RECORDED DATA
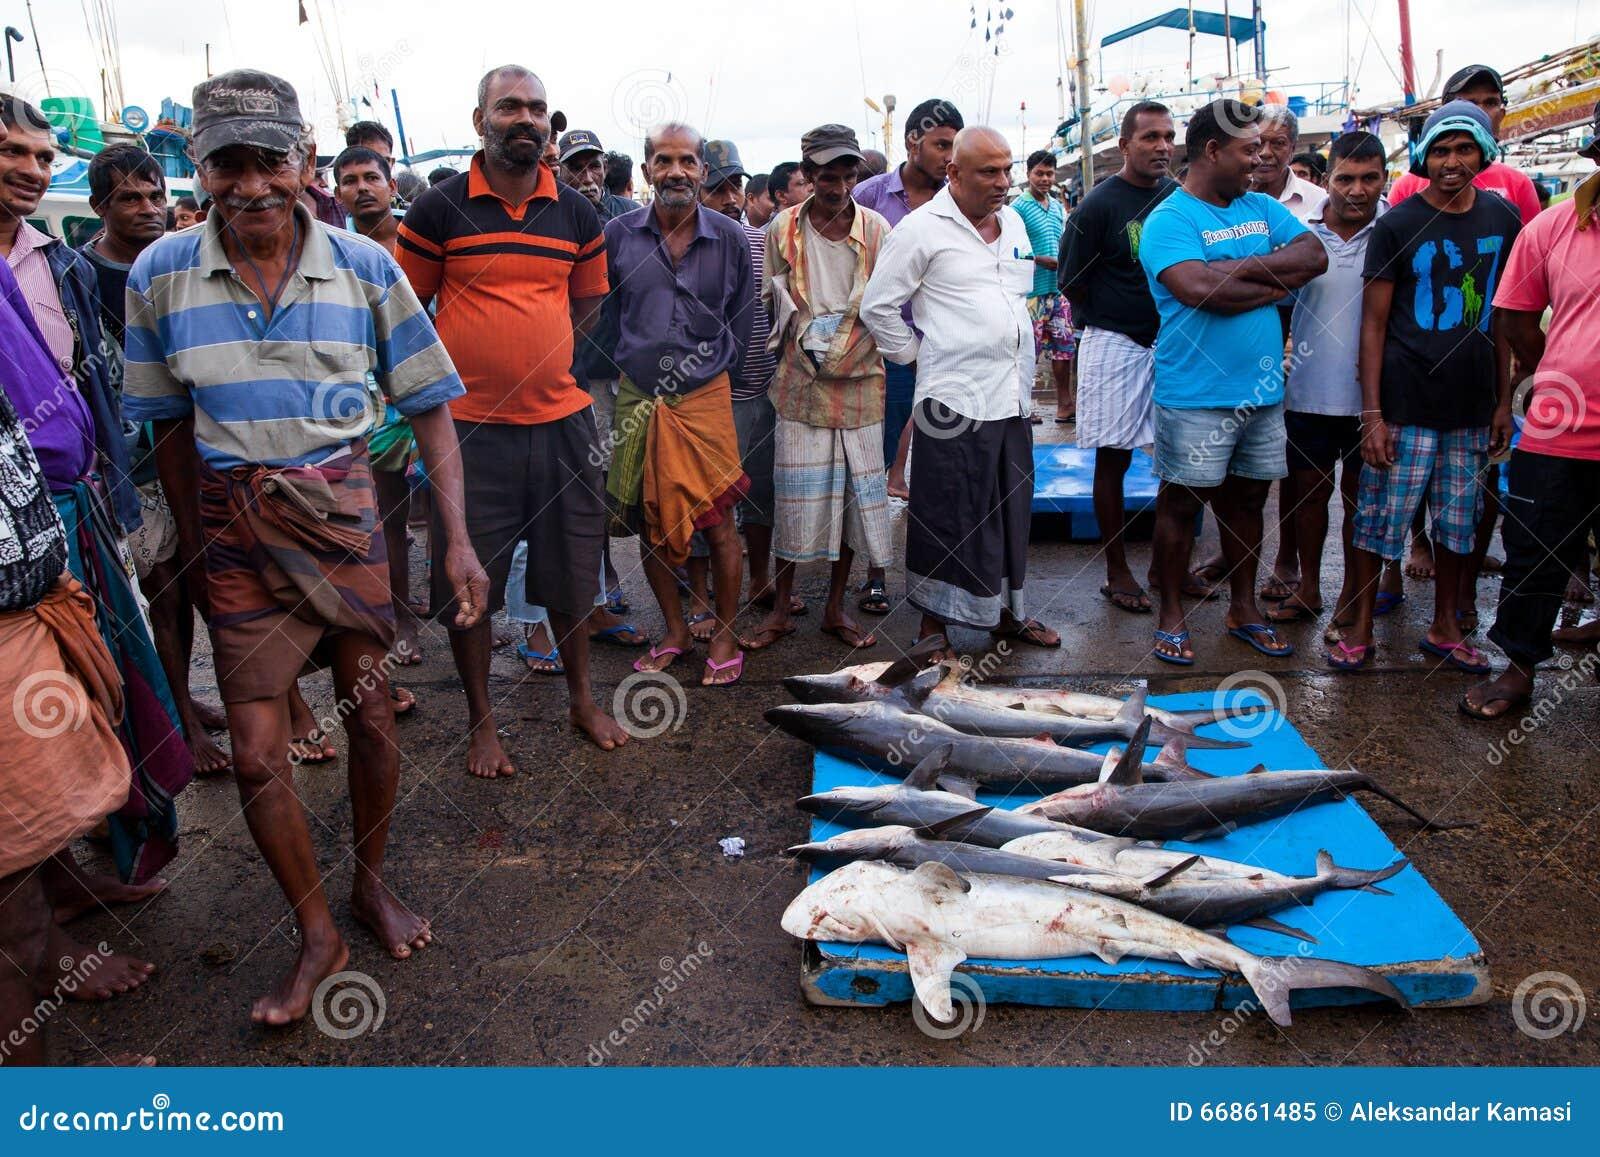 Aleta do tubarão - tubarões inoperantes no mercado de peixes - Beruwela, Sri Lanka
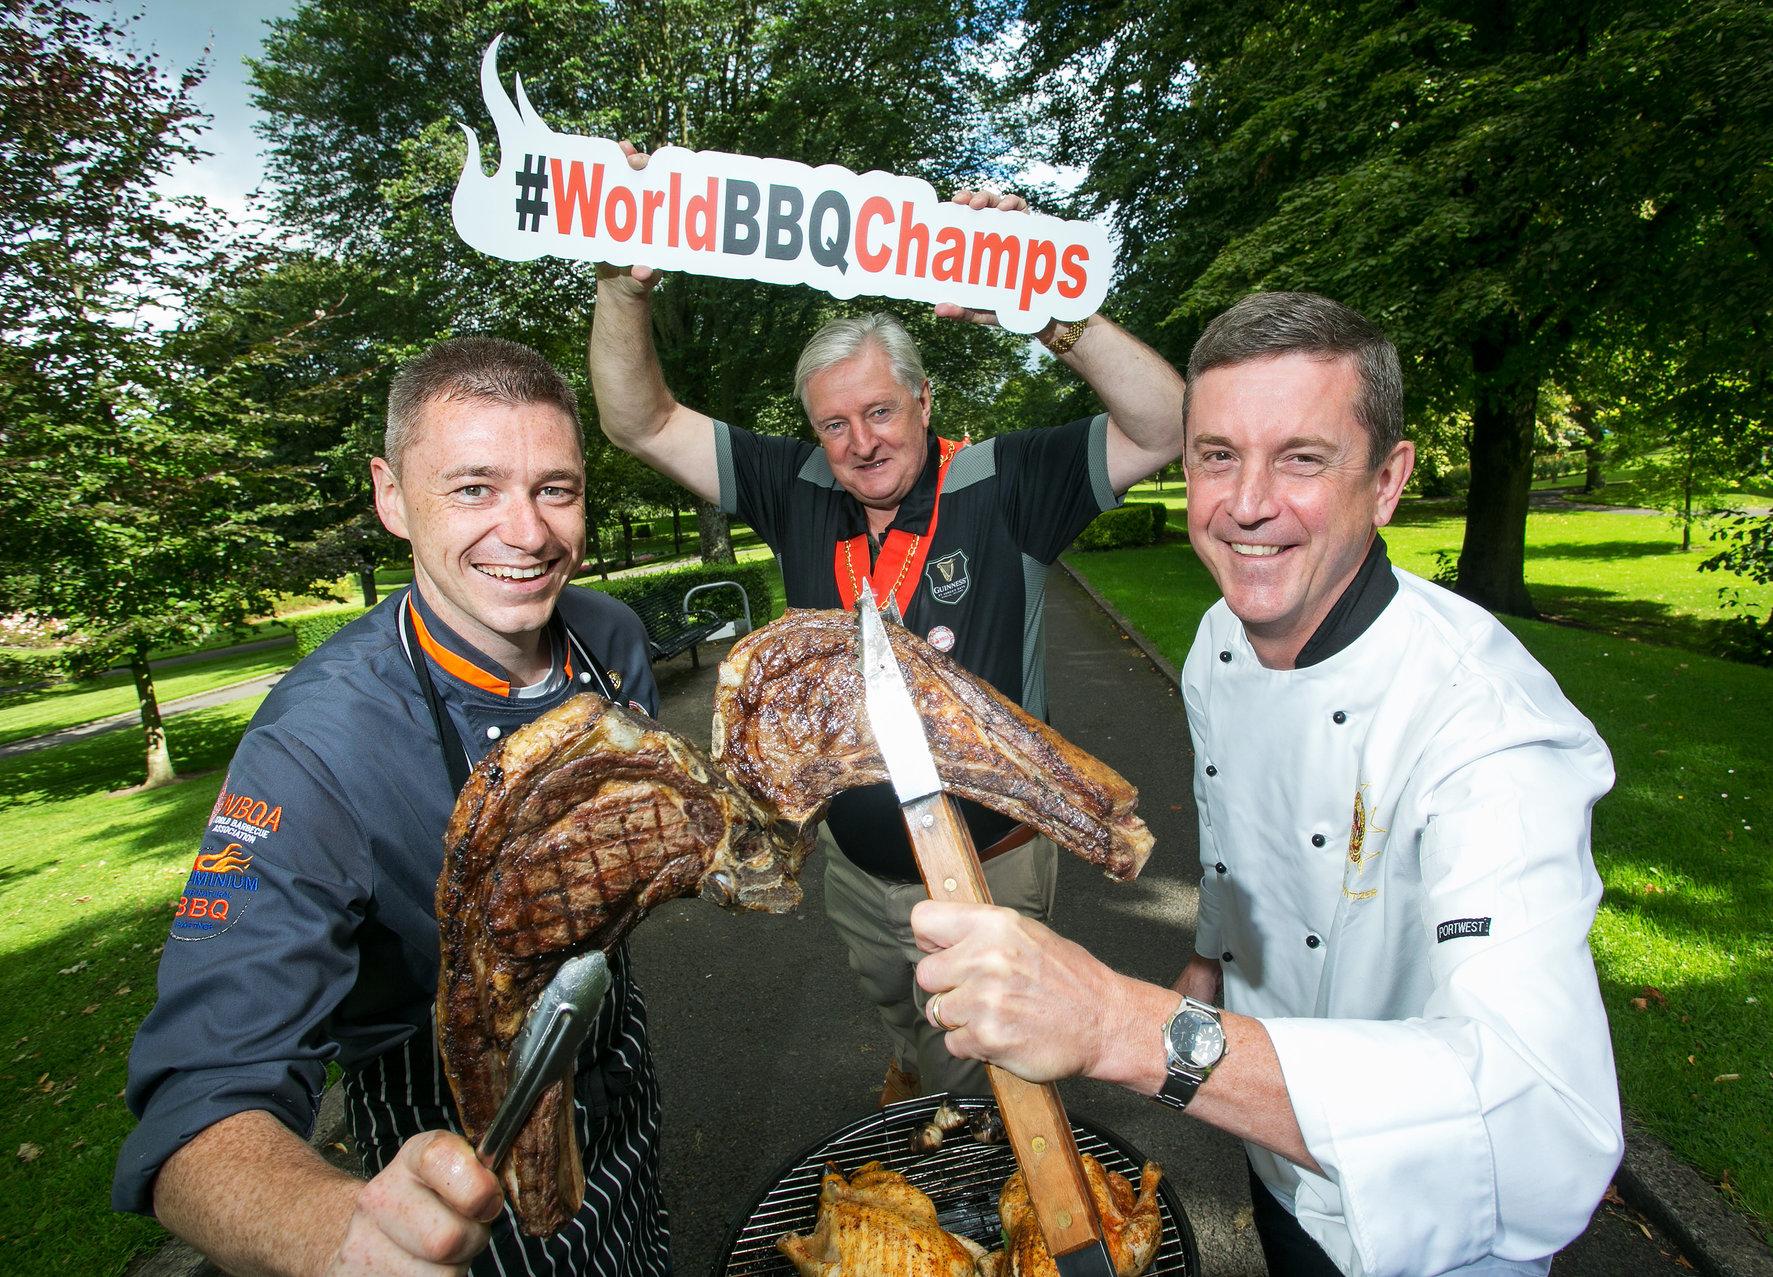 WBQA World BBQ Championships
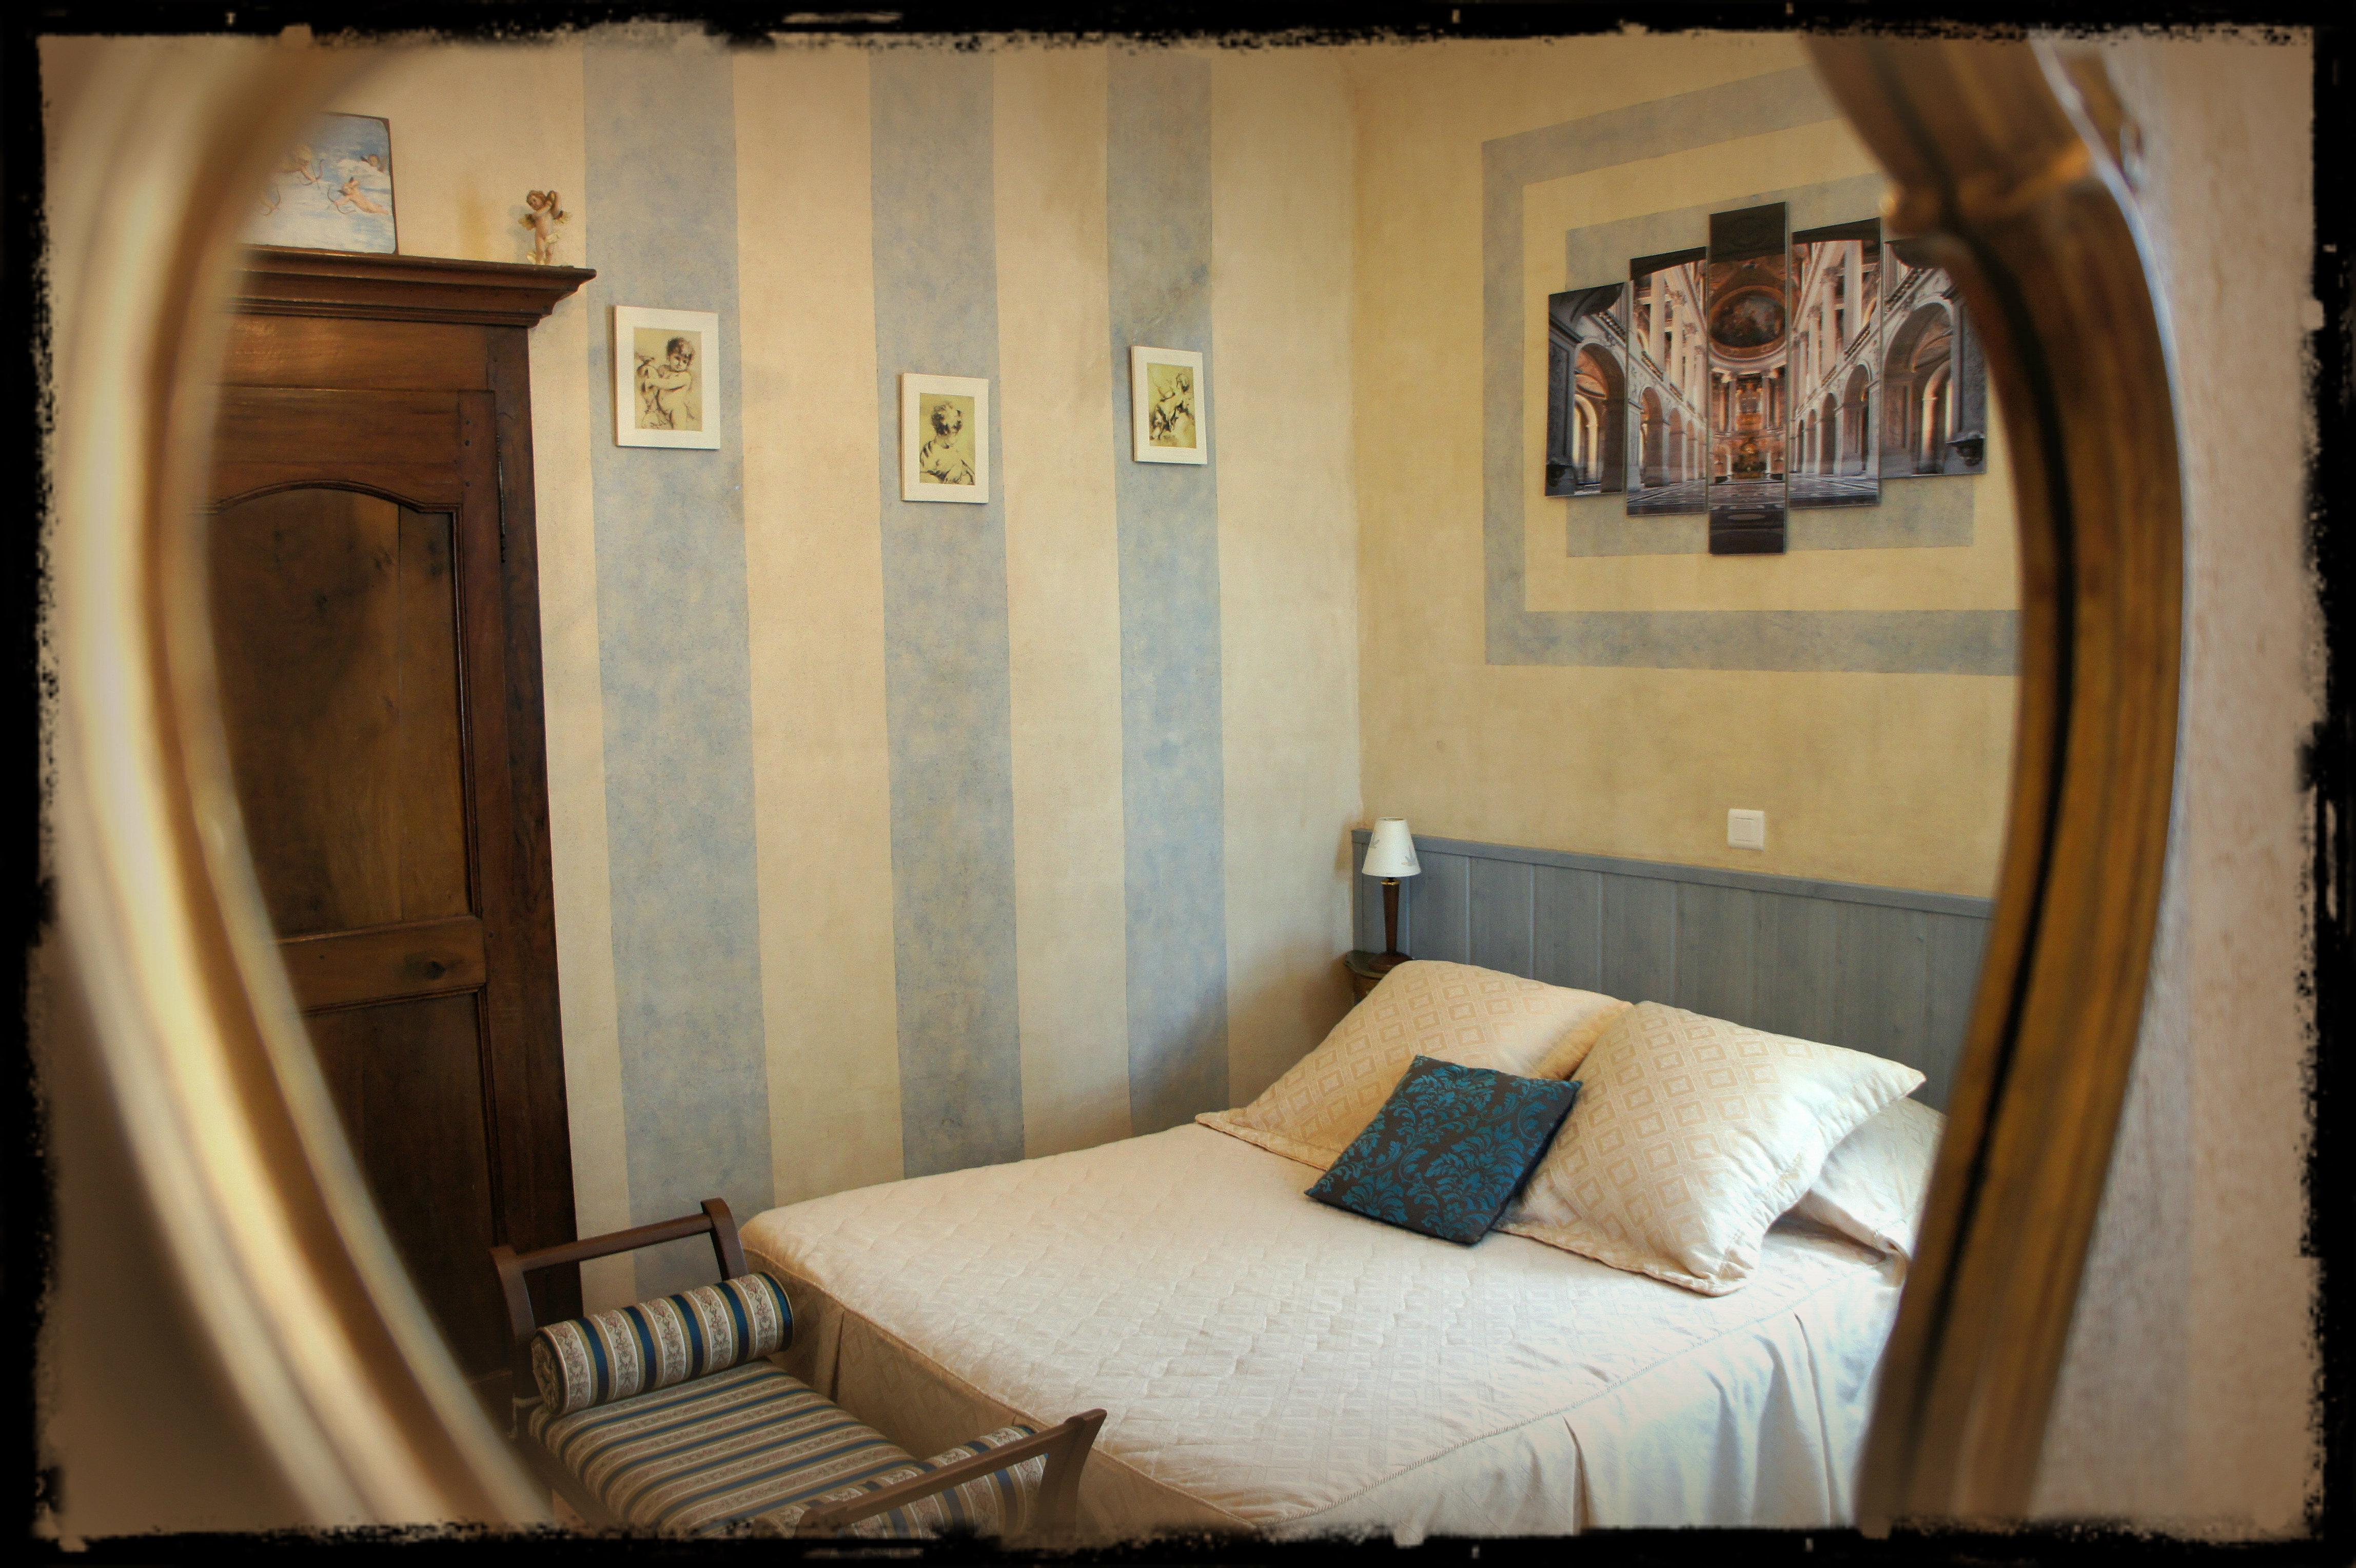 manoir du raveyron hotel chambres d h´tes vallon pont d arc
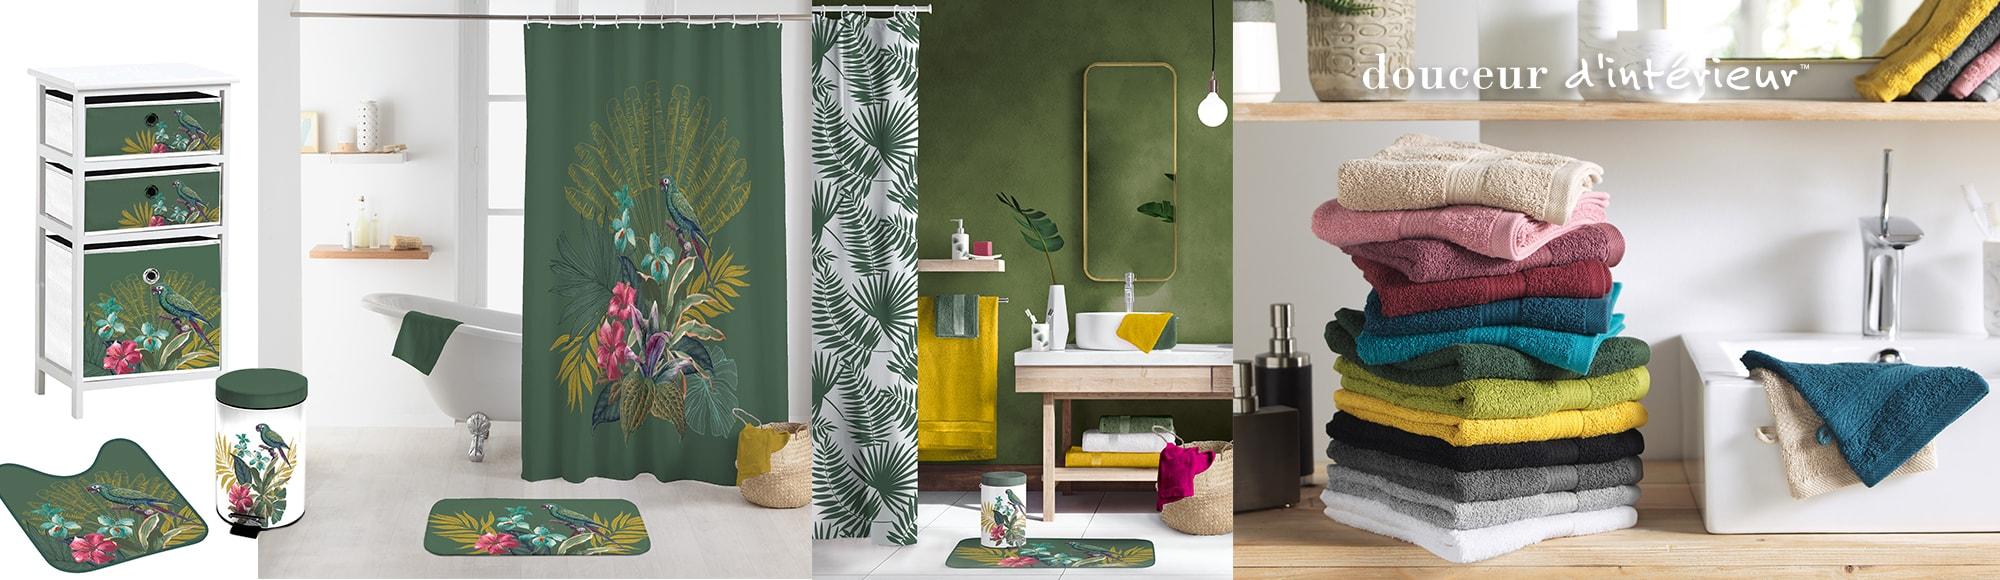 U10 - Fournisseur en décoration d'intérieur - marque douceur d'intérieur - salle de bain - theme equatorial jungly

TASK TO COMPLETE
Transcribe exactly the lines above, running from the one that contains "manoir du raveyron" through the final line of the listing, and skip every picture.

RESULT FOR THIS TASK
 manoir du raveyron hotel chambres d h´tes vallon pont d arc
 U10 - Fournisseur en décoration d'intérieur - marque douceur d'intérieur - salle de bain - theme equatorial jungly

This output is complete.